- Born: Muriel Young 19 June 1923 Bishop Middleham, County Durham, England
- Died: 24 March 2001 (aged 77) Stanhope, County Durham, England
- Occupations: Television announcer Presenter Producer
- Years active: 1955–86

= Muriel Young =

English TV announcer, presenter and producer (1923–2001)

Muriel Young (19 June 1923 – 24 March 2001) was an English television continuity announcer, presenter, producer and actress.

==Early life==
Young was born in 1923 in Bishop Middleham near Sedgefield, County Durham. As a child, she lived with her family in the gatehouse of Elmwood (now the Elmwood Community Centre), Hartburn, County Durham near Stockton-on-Tees. Her father, Wilfrid Young, was batman and later chauffeur to Col Kitching, who lived at Elmwood for many years after retiring from the army in 1939.

==Early career==
Young worked briefly as a librarian on leaving school and attended art college, before deciding to embark on a career as an actress. She joined a repertory theatre in Henley-on-Thames, where her uncle was directing. She subsequently performed at the Gateway Theatre, London, and the Theatre Royal in Chatham. Trying to get into the film industry, she did modelling for advertising agencies, including promoting products such as toothpaste, which paid her enough money until she became an actress.

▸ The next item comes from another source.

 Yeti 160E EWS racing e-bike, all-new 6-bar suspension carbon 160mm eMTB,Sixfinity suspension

She also studied to be a dental nurse and used her artistic talents to paint glassware.
===Films===

Starting out as an actress, she starred with Rex Harrison and Kay Kendall in The Constant Husband (1955);The Story of Gilbert and Sullivan (1953), (acting in a segment featuring The Mikado); and I'm All Right Jack (1959) as an announcer, without the director knowing that it was in fact her real-life job.

==Television==
In 1955, as the first ITV company Associated-Rediffusion was gearing up to launch, she intended to attend an actors' audition at the company, but mistakenly went to an announcers' audition instead. Nevertheless, Young was instantly hired and announced for Associated-Rediffusion on 22 September 1955, the opening night of commercial television in the UK. Young worked as a presenter and interviewer for regional programmes on Granada Television and Southern Television, and as a disc jockey on Radio Luxembourg. She starred as Fortune Teller, Madam Rose, in 'Inside Job', (episode 33 of Dial 999 (TV series)).
Just before joining ITV, she had been on stage touring with Eamonn Andrews, in a game show called Double or Drop. Shortly after signing her ITV contract, he told her that he had sold the idea to the BBC. It was later used as part of the children's show Crackerjack!.

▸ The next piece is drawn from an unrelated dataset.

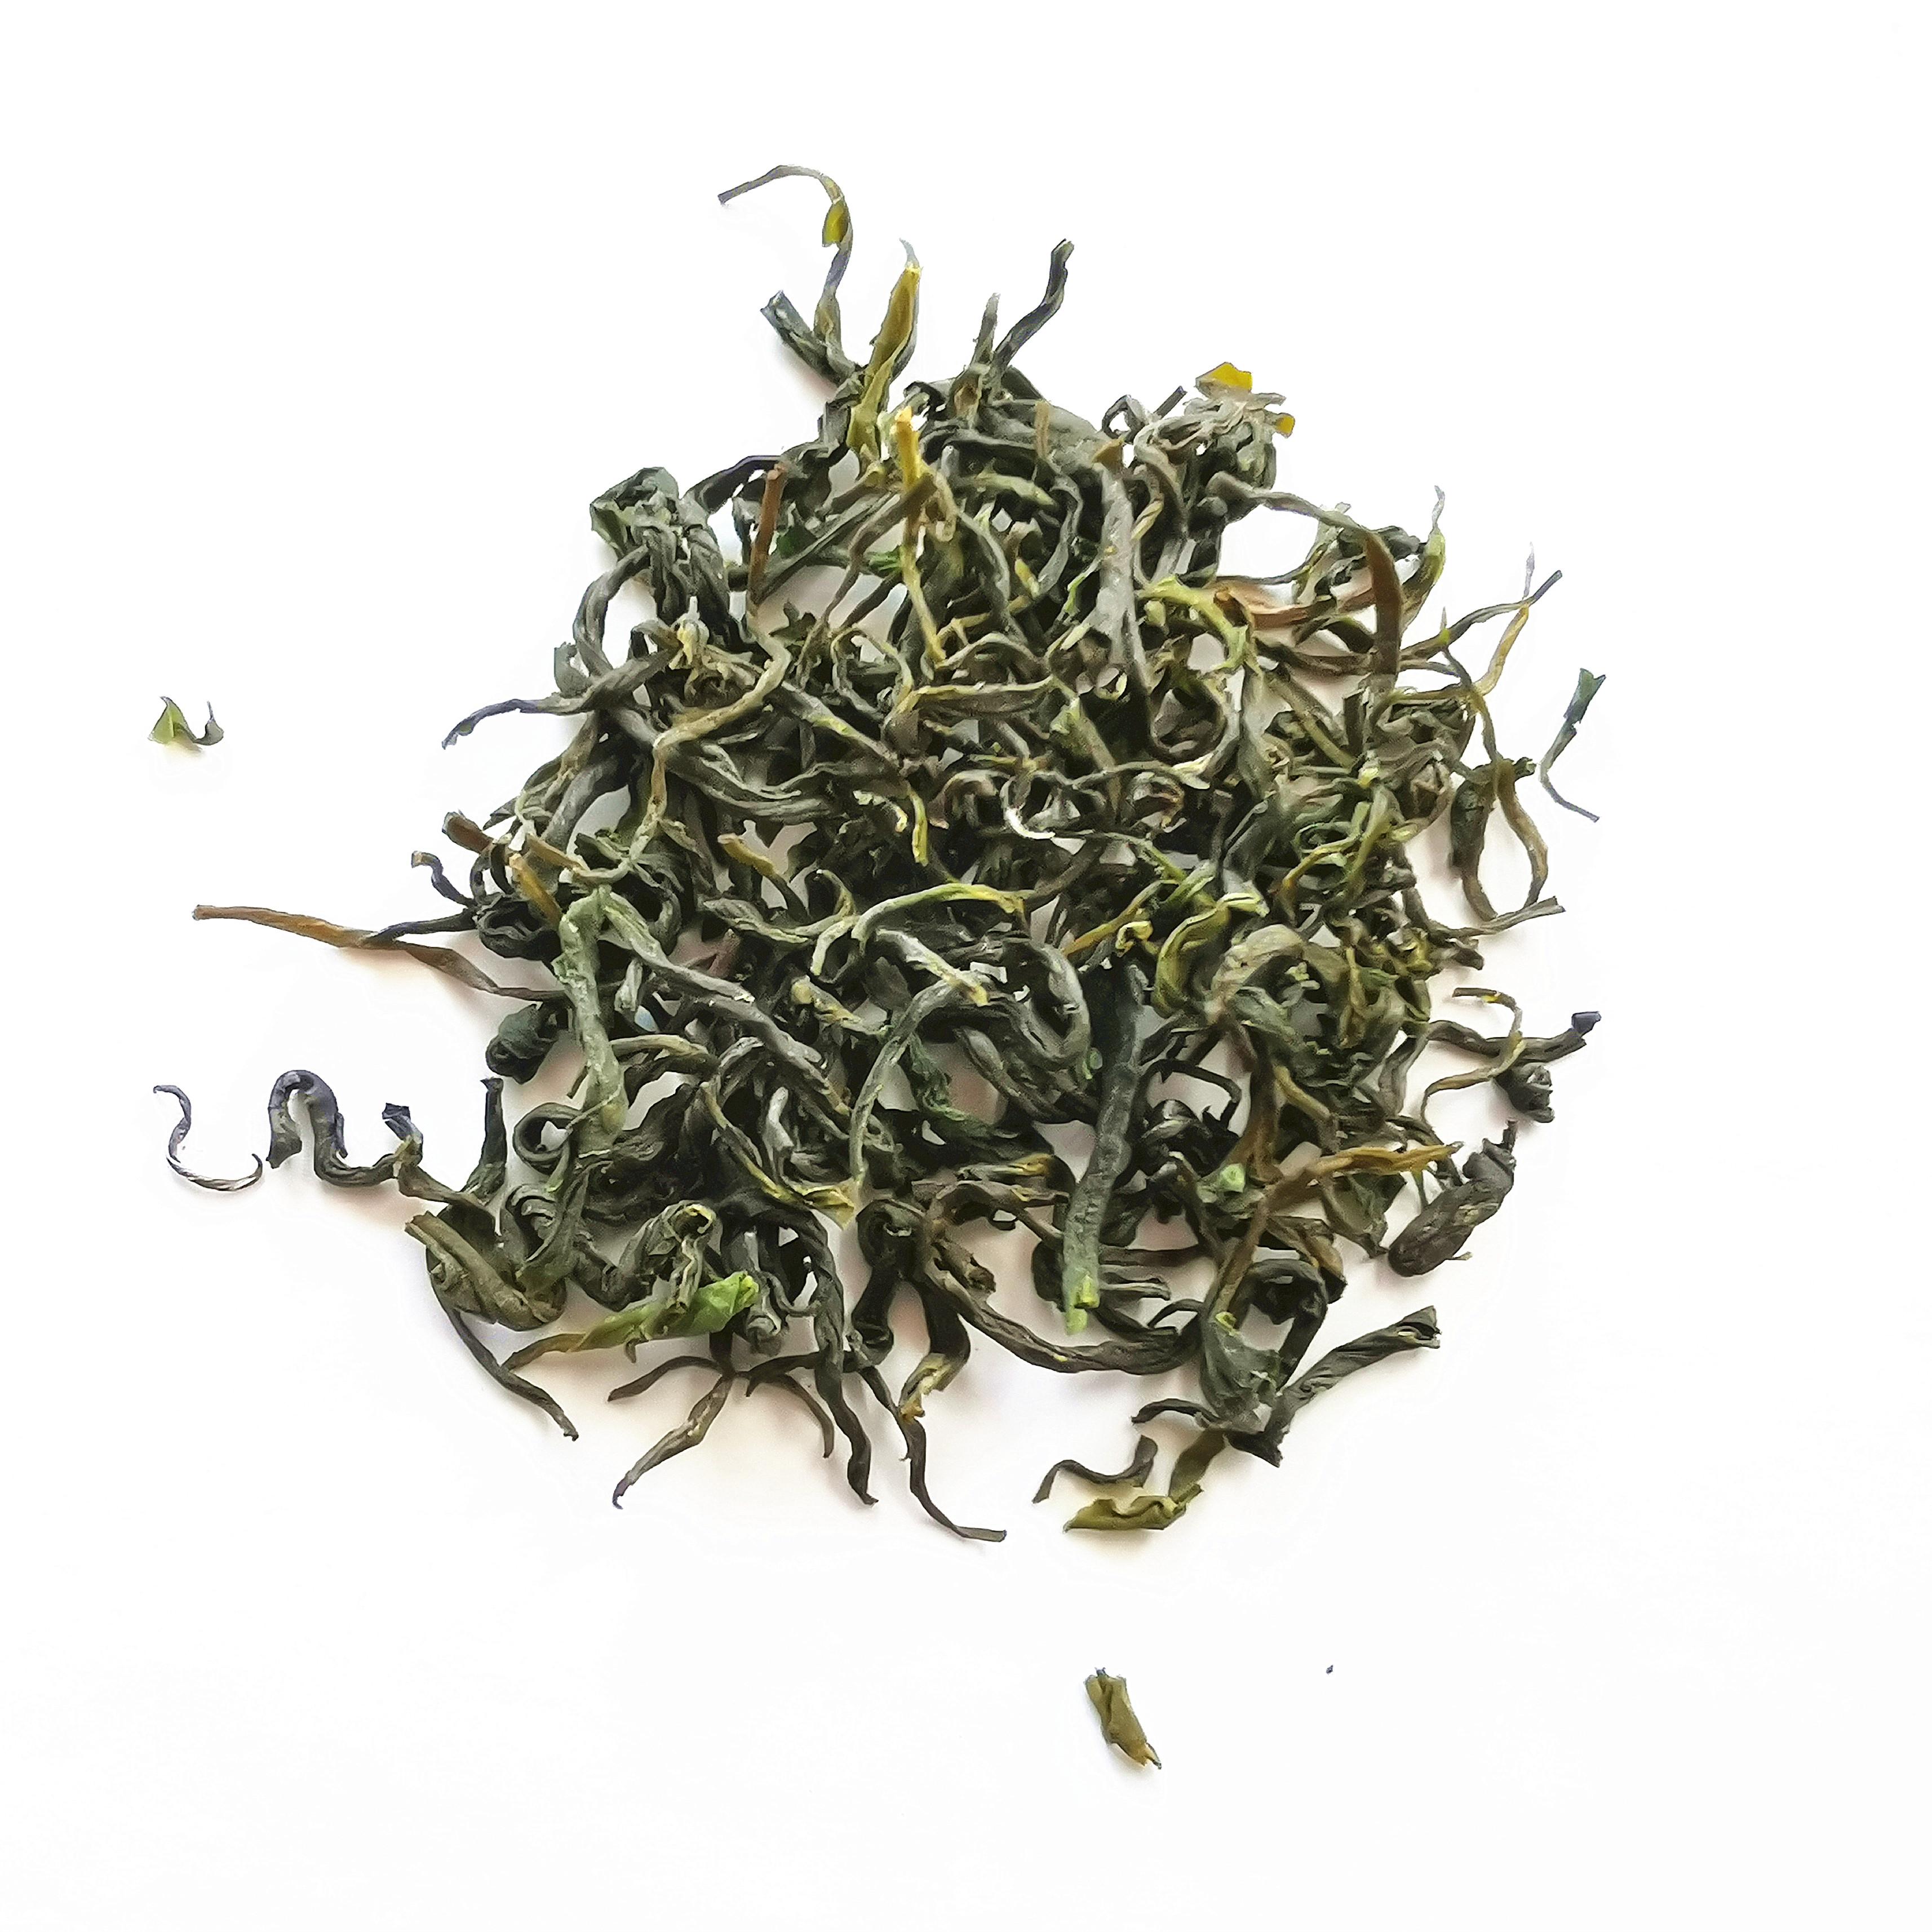 Internet tea shop health instant tea China green tea - 4uTea | 4uTea.com

She was a presenter of children's programmes for Associated-Rediffusion and Rediffusion London between 1959 and 1968, working alongside Wally Whyton and Bert Weedon and featuring the puppet characters Pussy Cat Willum, Ollie Beak and Fred Barker. The format created lasted for many years under titles including Lucky Dip, Tuesday Rendezvous, Five O'Clock Club, Ollie and Fred's Five O'Clock Club and Five O'Clock Funfair. In the late 1960s and '70s, Young became a staff producer of pop programmes for Granada Television, with such shows as Lift Off with Ayshea, Get It Together, the Bay City Rollers series Shang-a-Lang, The Arrows Show and Marc, starring Marc Bolan..

In 1979, Muriel Young produced a children's television programme titled Learning Tree for Granada Television. The series generated a number of accompanying books based on its stories, as well as a songbook and a vinyl recording of the programme's songs. On the rear cover of the vinyl, Young included a dedication reading: “Since Ian Page has presented LEARNING TREE to Granada TV, the old boy has become
the dearly loved mentor of thousands of small children. Picking up
litter, protecting plants and animals, watching the changing seasons has become part of their lives and with these songs to remind
them, the children have learned lessons which will not only last their lifetime, but will help
keep our environment fresh and flourishing for their own little ones — well done LEARNING TREE! (and its marvellous Ian Page) - MURIEL YOUNG.”

She devised Clapperboard, presented by Chris Kelly, Granada's film magazine show for children. Young was also an occasional panellist on the ATV talent show New Faces. Changing direction again in the mid-1980s, Young made two series of Ladybirds, a Channel 4 programme from Mike Mansfield's independent company.

==Personal life==
In 1986, Young left her successful career in television and moved back to County Durham, where she lived in part of Stanhope Castle with her husband Cyril Coke, a television drama director, whom she had married in 1954. Coke was the son of the film actor Edward Rigby and the novelist Phyllis Austin. The couple met when he was casting director for The Story of Gilbert and Sullivan. Coke died in 1993.

Although most references gave her year of birth as 1928, she was actually born on 19 June 1923; her parents' marriage was registered in the first quarter of 1923.

She died in Stanhope, County Durham on 24 March 2001, aged 77.